Pero en si el problema no radica solo en la desigual distribución de riqueza, también, y quizá aún más nocivo, en la repartición del poder. En su libro "Superclass: The Global Power Elite and the World They Are Making", David Rothkopf ubica a seis mil personajes dentro de un grupo que denomina la "súper-clase". El común denominador entre estos individuos es la notable influencia que ejercen sobre los rubros más relevantes de la realidad social: tanto en las finanzas como en la cultura, en la política y lo militar, en las artes y los medios, etc. En pocas palabras, este pequeño grupo define en buena medida el rumbo de la vida de más de siete mil millones de personas. 

De acuerdo a lo anterior, podemos contemplar un tablero de juego en el que las corporaciones, y los individuos detrás de ellas, tienen aún mayor peso que los propios gobiernos, instituciones que supuestamente son las que deberían de estar pujando por rediseñar el modelo que nos tiene en la situación actual.
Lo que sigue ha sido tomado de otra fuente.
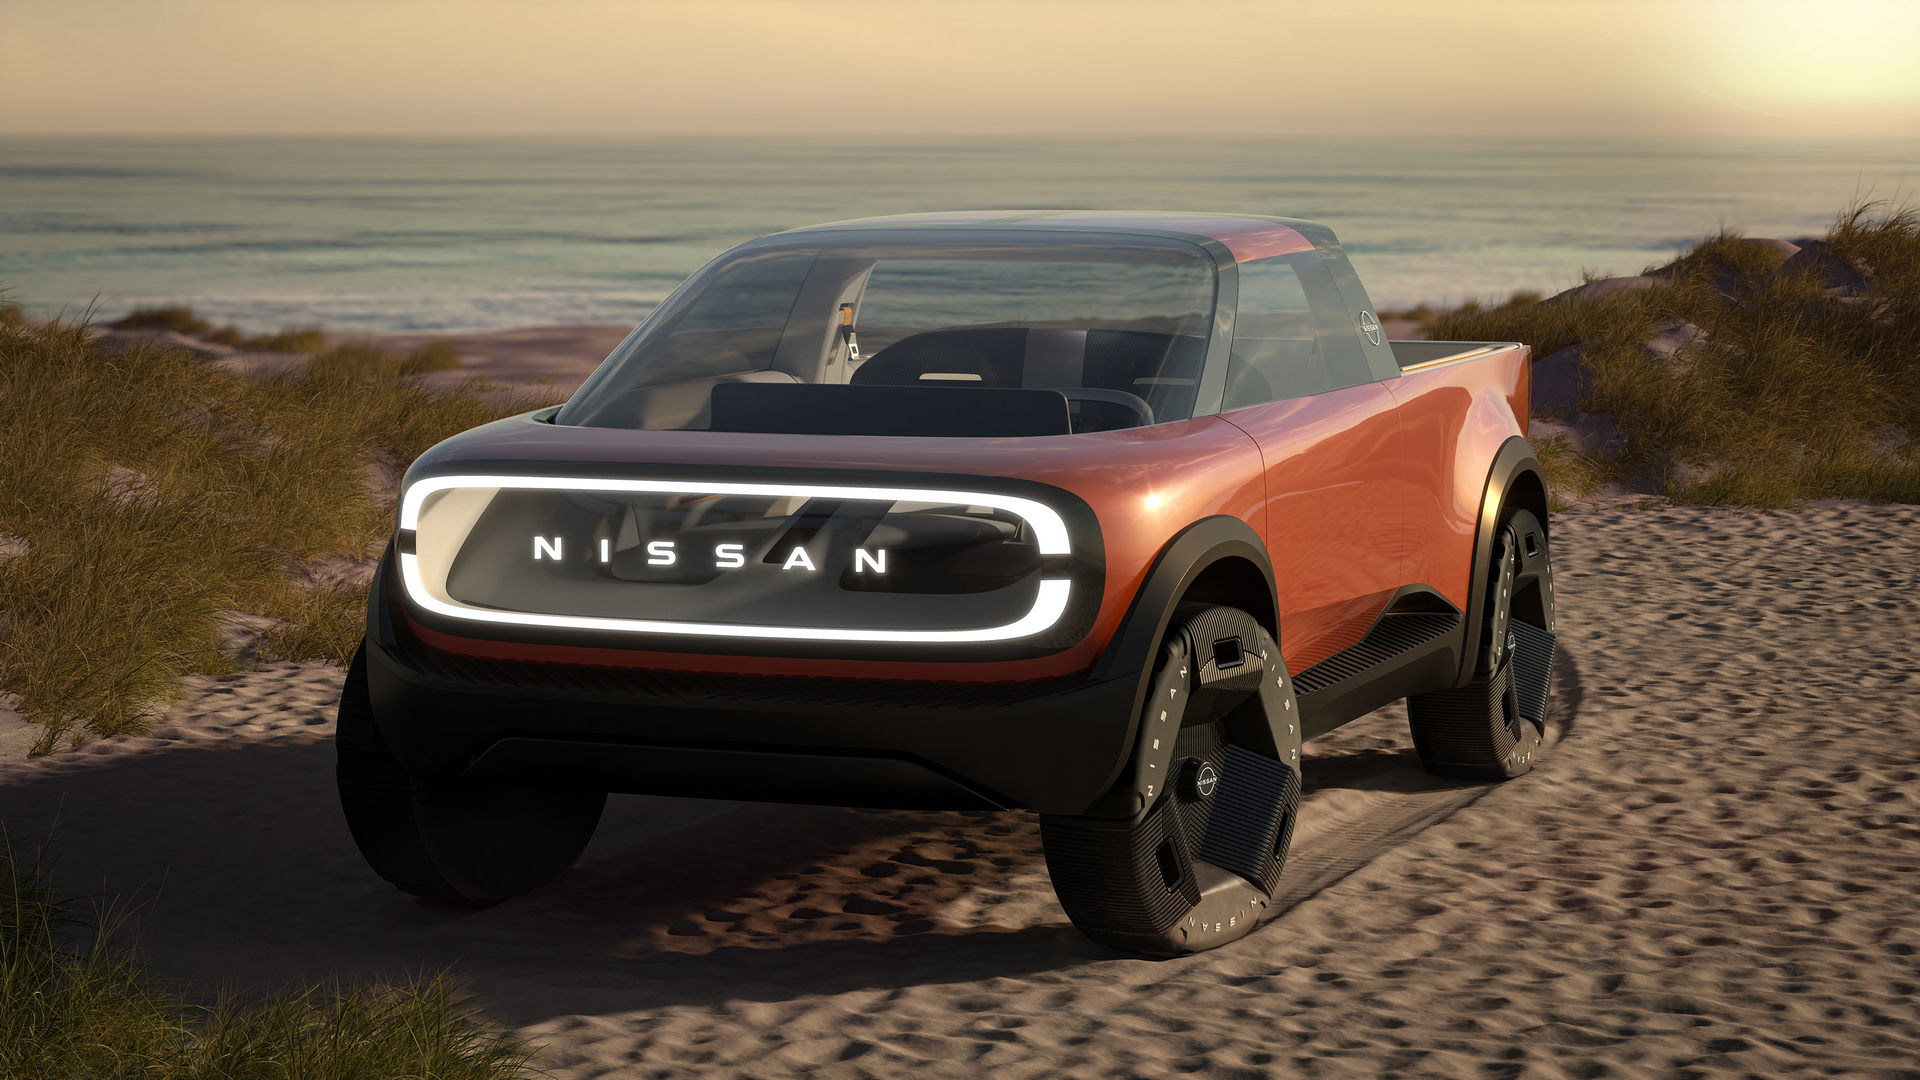 Nissan konsept modeller

De hecho muchas corporaciones tienen mayores recursos que la gran mayoría de las naciones. El año pasado se emitió un reporte llamado "Corporate Clout Distributed: The Influence of the World’s Largest 100 Economic Entities" a partir del cual podemos determinar que de las 150 entidades económicamente más poderosas, el 58% son corporaciones y el resto gobiernos –por ejemplo, Wal-Mart ocupa el puesto 25, superando el PIB de 171 países. 

¿Una solución?

Luego de un breve repaso por las voraces estepas de la inequidad, concluimos el recorrido ante un poco alentador escenario: la desigualdad crece –quizá es más intensa que nunca en la historia–, y el poder para revertir o re-programar el modelo que anima esta situación esta hoy en manos, precisamente, de aquellos que mayores beneficios obtienen de la actual situación. Como rutas de salida podríamos imaginar una poco probable concientización de la elite, que en algún momento, relativamente pronto, se de cuenta que aún sin amenazar su infinita comodidad, las riqueza podría estar mucho mejor distribuida. Otra opción sería que los gobiernos, los cuales actualmente parecen estar plácidamente sometidos ante los intereses de la élite, hicieran valer su papel como una fuerza que equilibrara el tablero de juego, opción que, por cierto, tampoco parece al menos a corto plazo, viable. Finalmente viene la tercer ruta, una que depende de nosotros, la población, aquellos que evidentemente no estamos incluidos en ese 1% –y menos en el 0.001%.

El problema es que para influir de forma determinante en el escenario, tendríamos que sincronizar esfuerzos alrededor de una iniciativa que poco tiene que ver con el activismo tradicional, o las revoluciones del siglo XX –la mayoría de las cuales fueron eventualmente acomodadas en el sistema original. Supongo que el reto es aún mucho más profundo y demanda replantear individualmente la manera en la que nos auto-percibimos, y en la que procesamos nuestra realidad: con los hábitos, las relaciones, los principios, y razonamientos que la rigen. A partir de esta transformación cuyas particularidades son aún vagas para mi, y de su posterior viralización, entonces creo que podríamos dar vida a un pulso suficiente para trastocar la actual estructura. ¿Alguna propuesta?